A gate control circuit 15 controls the gate circuit 14 to control the 
position and the size of the distance measuring region (indicated by line 
5c in FIG. 5) in the picture frame. The gate control circuit 15 controls 
the gate circuit 14 in an on-off manner to enable only a signal 
representing a desired region in the picture frame to pass. The gate 
control circuit 15 is controlled by a field angle setting signal 
(described below) which is output from the microcomputer 11 to determine 
the field angle at which an image is cut out from the picture frame. 
The memory control circuit 16 controls the A/D converter 5, the signal 
processing circuit 6, the memory circuit 7 and the D/A converter 8 by the 
field angle setting signal output from the microcomputer 11 to perform 
electronic zooming based on cutting out a desired region in the picture 
frame and performing enlargement/interpolation processing. 
That is, if a field angle at which an image in the picture frame is to be 
cut out and enlarged by electronic zooming is designated through the 
operating section 18, the microcomputer 11 outputs, on the basis of the 
designation, a field angle setting signal to the scanning timing pulse 
generator 1 and controls driving thereof to read out an image pickup 
signal corresponding to the cutting-out field angle from the image pickup 
device 2. A signal corresponding to the region set in the picture frame is 
thereby obtained. 
The field angle setting signal is also supplied to the memory control 
circuit 16 to control the process of converting the signal of the region 
set in the picture frame from the analog form into the digital form, 
performing predetermined signal processing of the converted signal, 
controlling the writing rate and writing addresses to store the processed 
signal in the memory 7, controlling the reading rate and reading addresses 
at the time of reading out data in the memory and simultaneously 
performing processing for enlargement of the image, average-value 
interpolation and the like. 
The field angle setting signal is also supplied to the gate control circuit 
15. The gate circuit 14 is thereby controlled to limit the size and the 
position of the distance measuring region 5c so that the distance 
measuring region 5c is always positioned within the region 5b of the field 
angle at which image is cut out by electronic zooming. 
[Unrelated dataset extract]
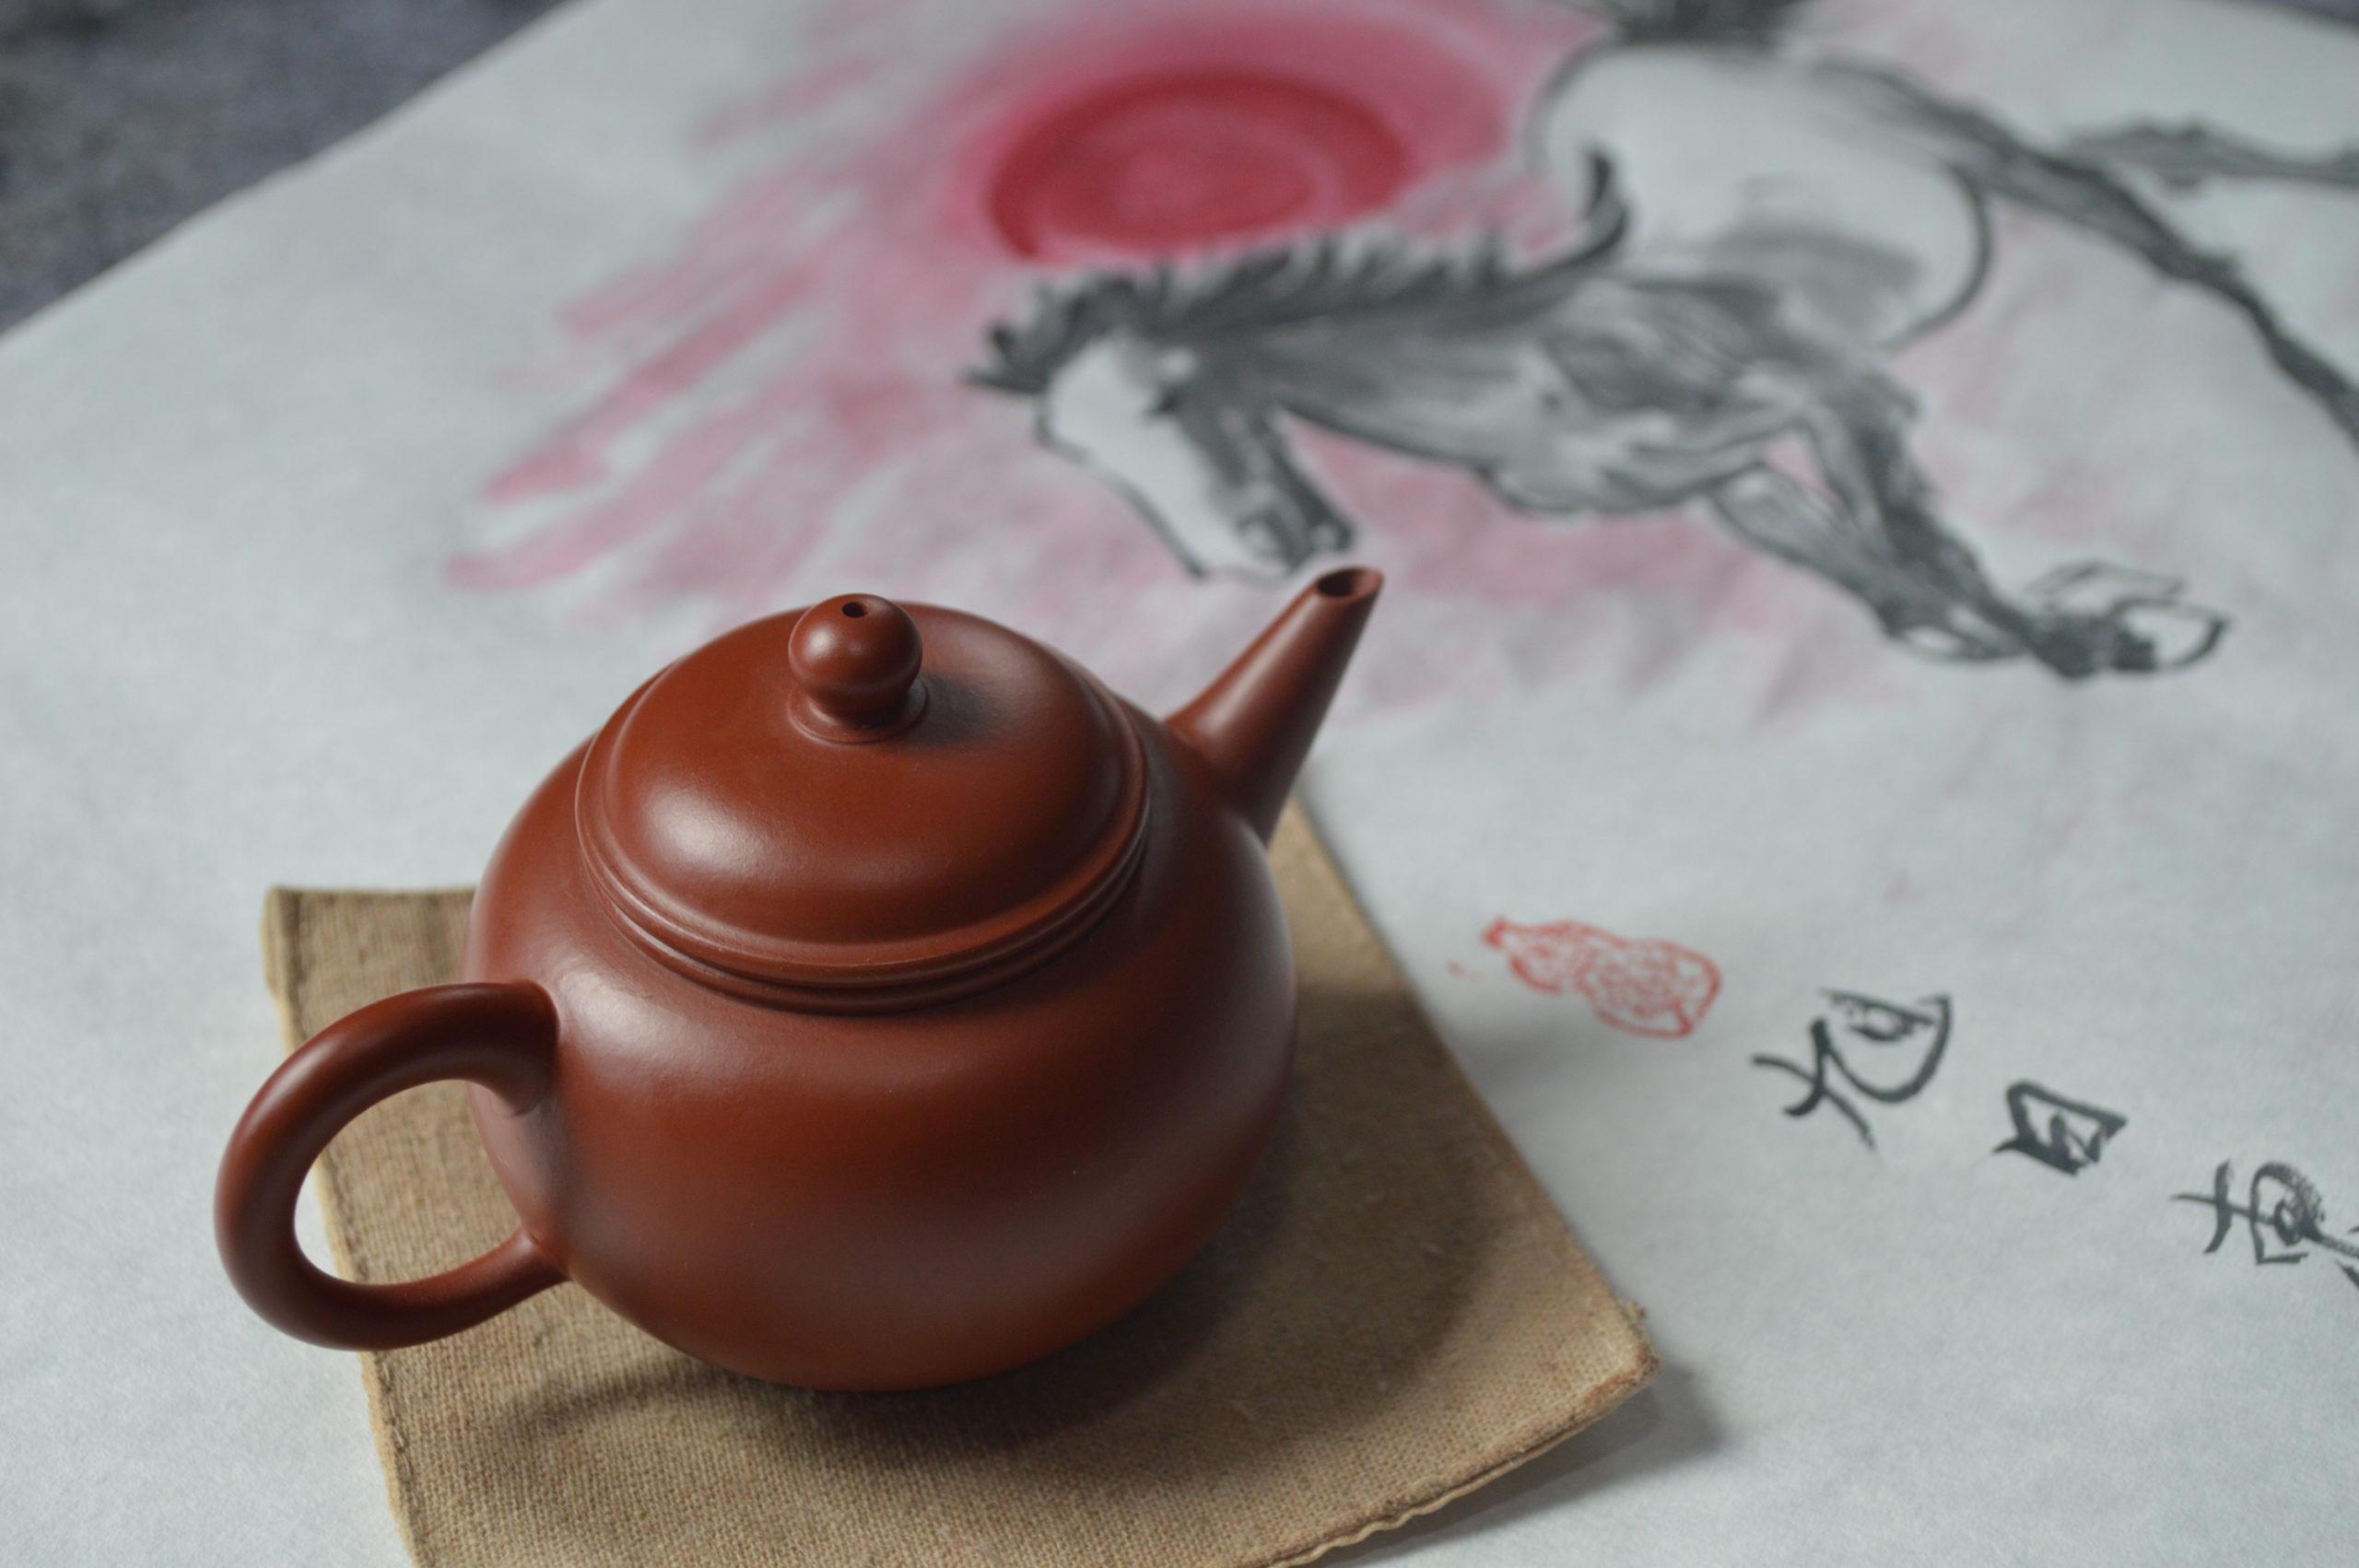 https://shop.liu-tea-art.com/wp-content/uploads/2019/07/DSC_0122-scaled.jpg

It is thereby possible to perform focusing always accurately with respect 
to the set field angle by preventing occurrence of a situation where the 
distance measuring region includes, as shown in FIG. 5, image information 
other than the information limited by the field angle at which the image 
is cut out by electronic zooming. 
The gate control circuit 15 is simultaneously controlled by a control 
signal 11a which is output from the microcomputer 11. The control signal 
11a serves for a control such that the size of the distance measuring 
region is changed according to, for example, the depth of field which 
changes depending upon the focal length of the lens and the aperture and 
other factors. 
It may be understood that the field angle setting signal limits the control 
signal 11a so that the distance measuring region is always set within the 
area of the field angle set by electronic zooming. 
While the present invention has been described with respect to what 
presently are considered to be the preferred embodiments, it is to be 
understood that the invention is not limited to the disclosed embodiments. 
To the contrary, the present invention is intended to cover various 
modifications and equivalent arrangements included within the spirit and 
scope of the appended claims. The scope of the following claims is to be 
accorded the broadest interpretation so as to encompass all such 
modifications and equivalent structures and functions.